_RECORDED DATA:_

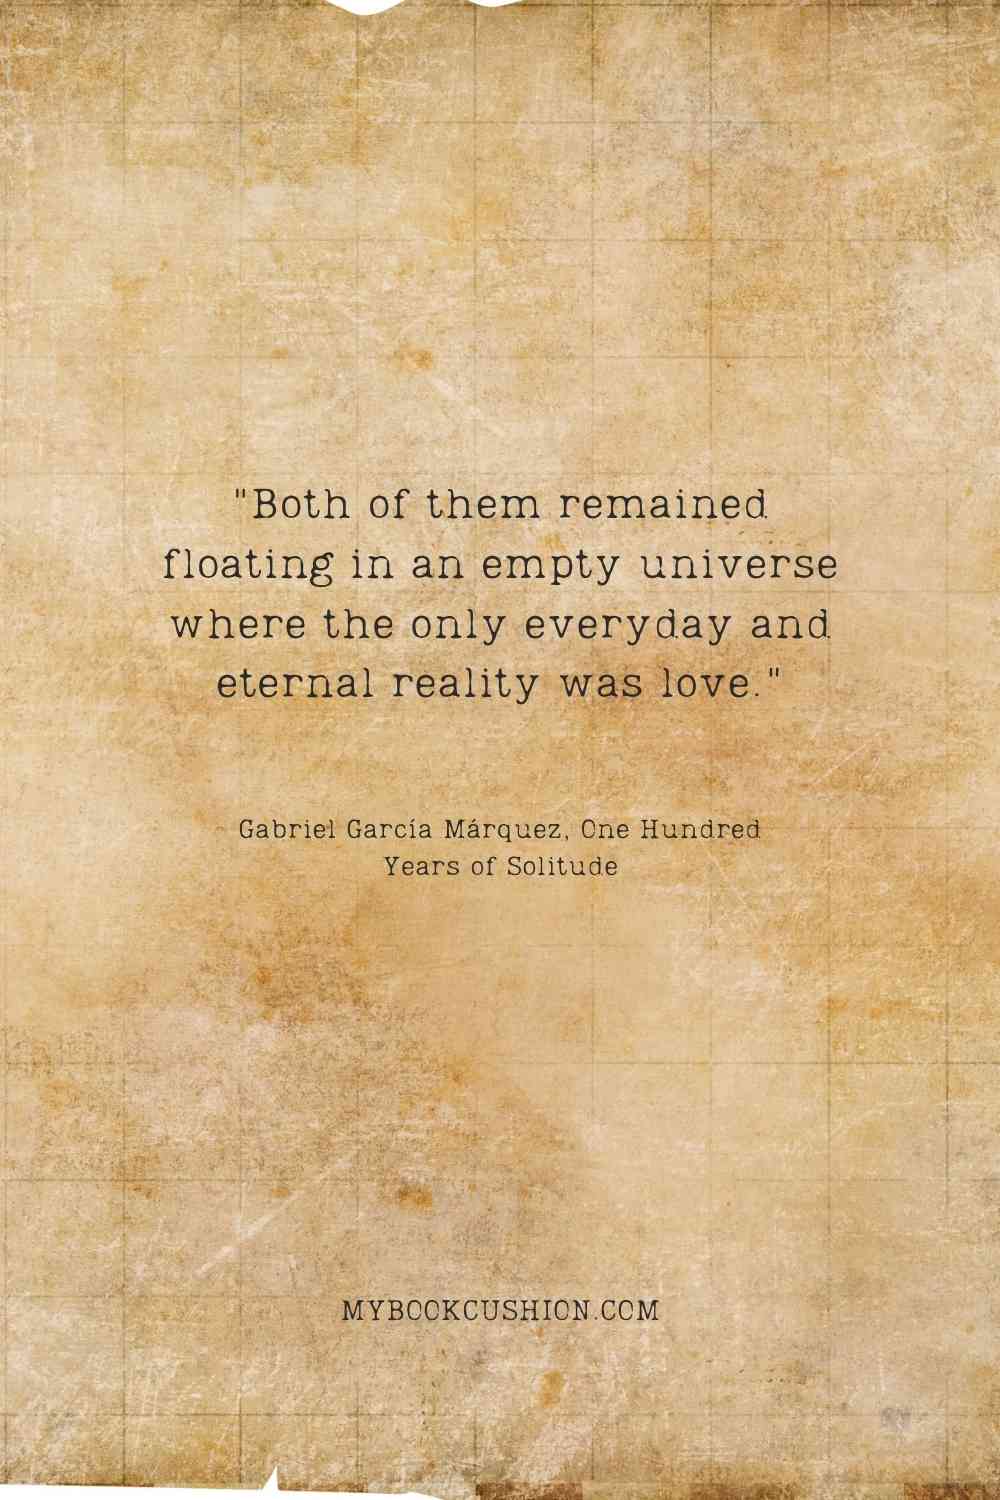 "Both of them remained floating in an empty universe where the only everyday and eternal reality was love." - Gabriel García Márquez, One Hundred Years of Solitude
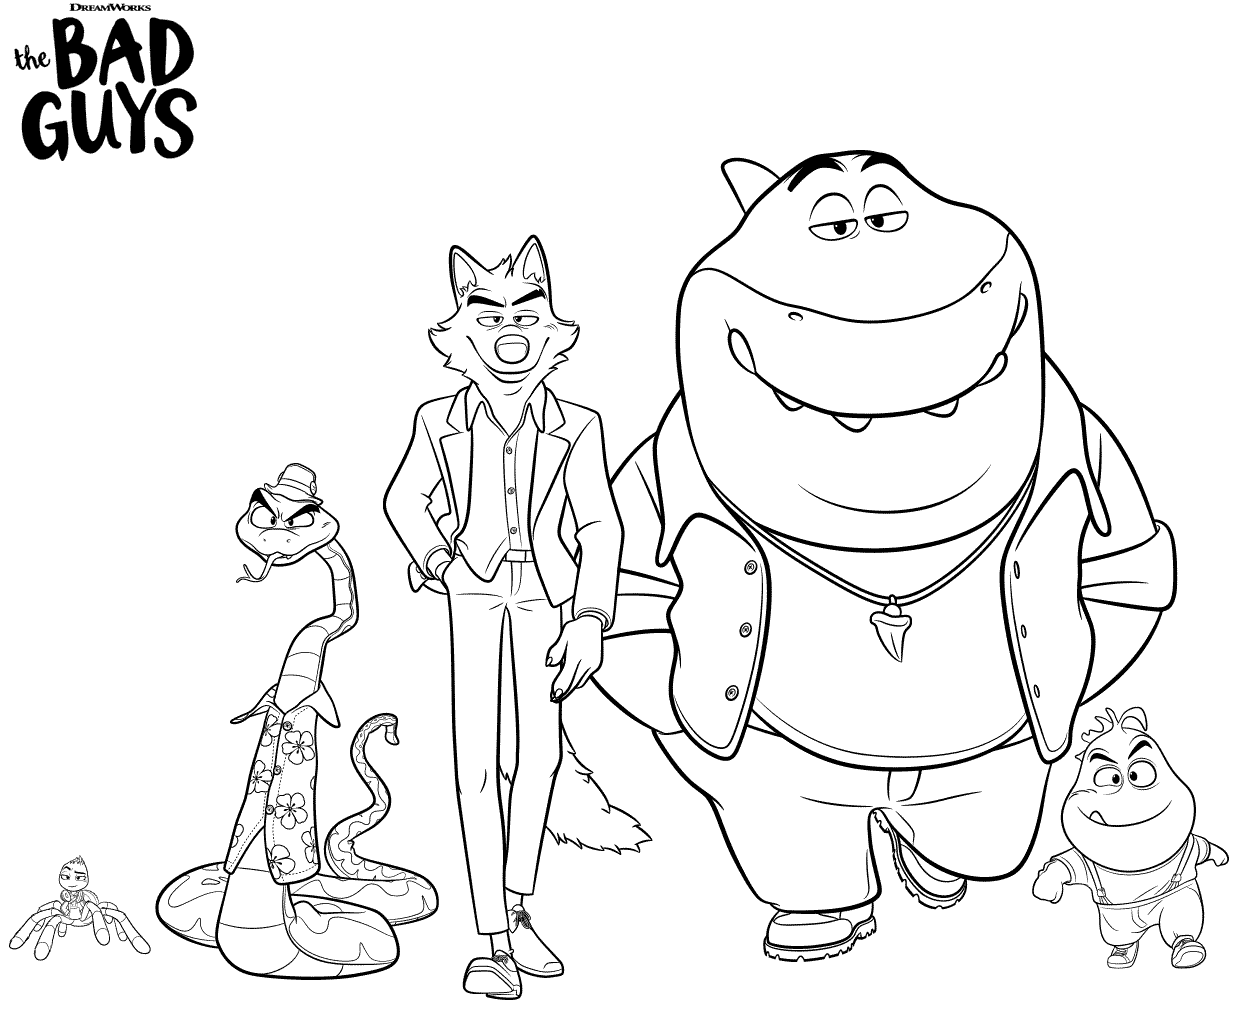 The Bad Guys Coloring Pages - The Bad Guys Coloring Pages - Coloring Pages  For Kids And Adults
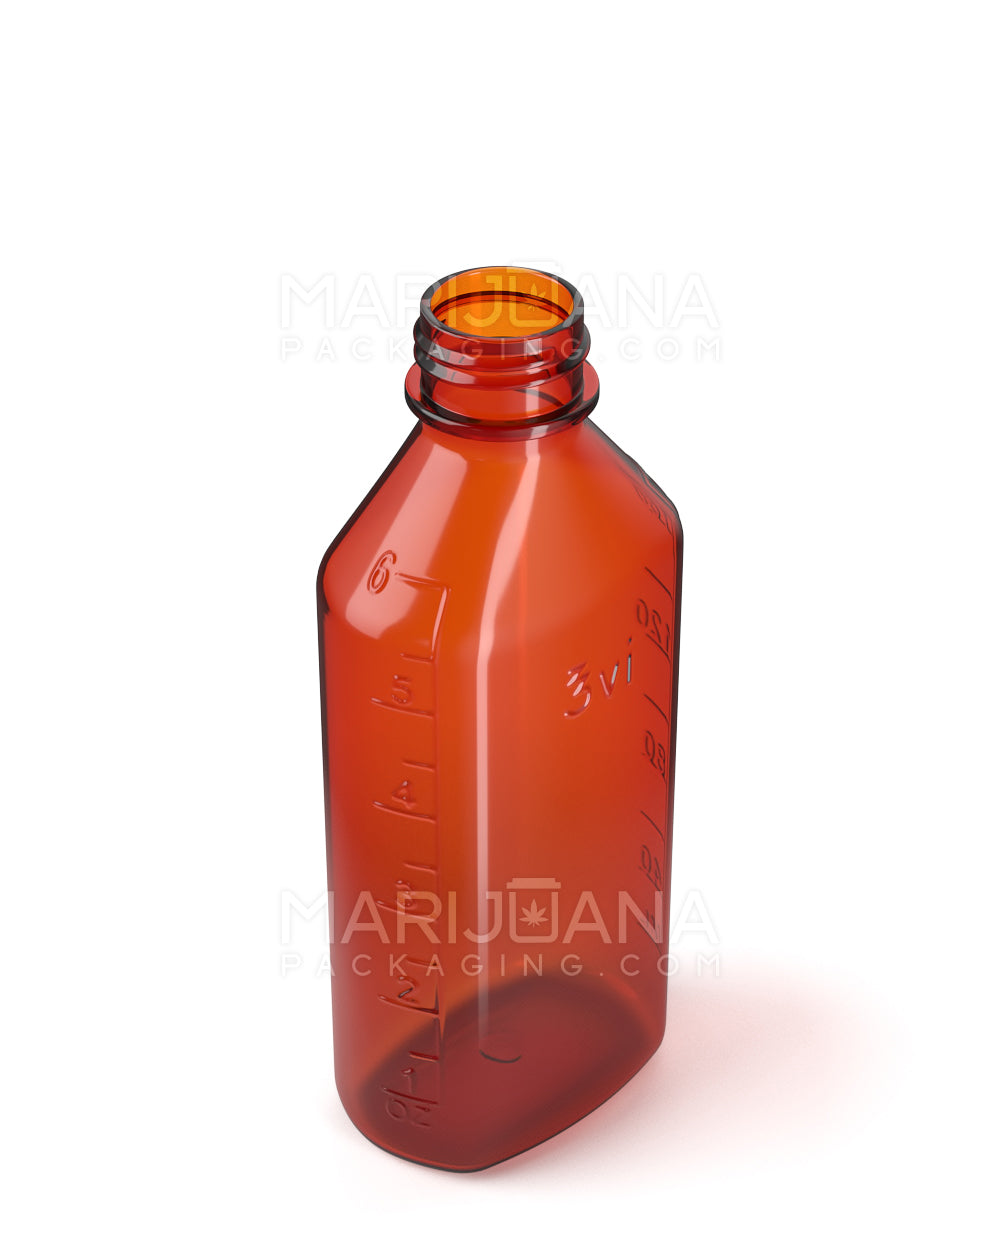 Child Resistant | Push Down & Turn Plastic Syrup Bottles | 6oz - Amber - 100 Count - 7
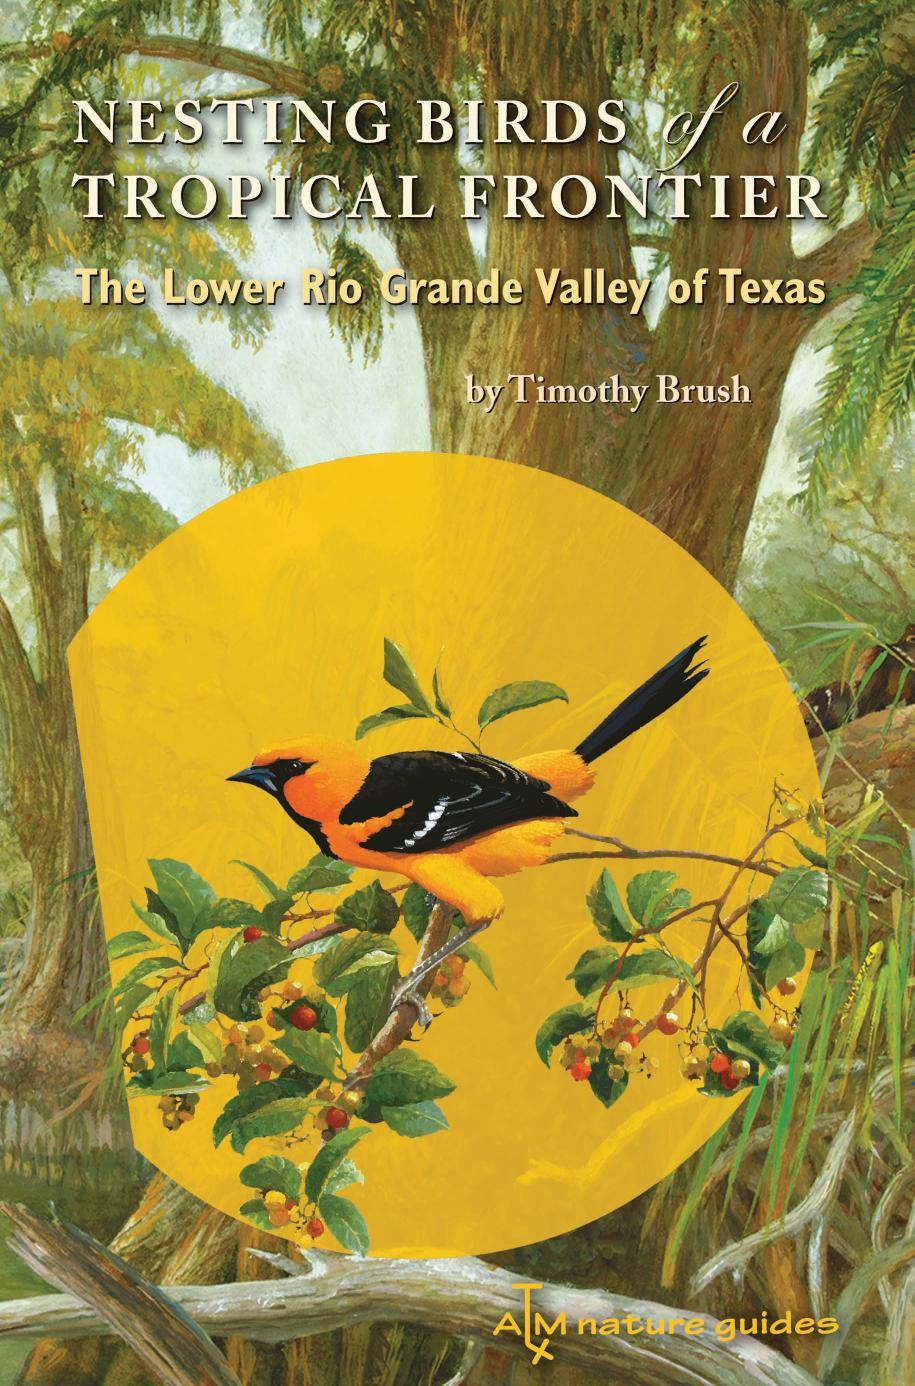 Nesting Birds of a Tropical Frontier: The Lower Rio Grande Valley of Texas by Timothy Brush

_TASK STATEMENT:_
Print the material above exactly, skipping its images.

_EXERCISE SOLUTION:_
 "Both of them remained floating in an empty universe where the only everyday and eternal reality was love." - Gabriel García Márquez, One Hundred Years of Solitude
 The Bad Guys Coloring Pages - The Bad Guys Coloring Pages - Coloring Pages  For Kids And Adults
 Child Resistant | Push Down & Turn Plastic Syrup Bottles | 6oz - Amber - 100 Count - 7
 Nesting Birds of a Tropical Frontier: The Lower Rio Grande Valley of Texas by Timothy Brush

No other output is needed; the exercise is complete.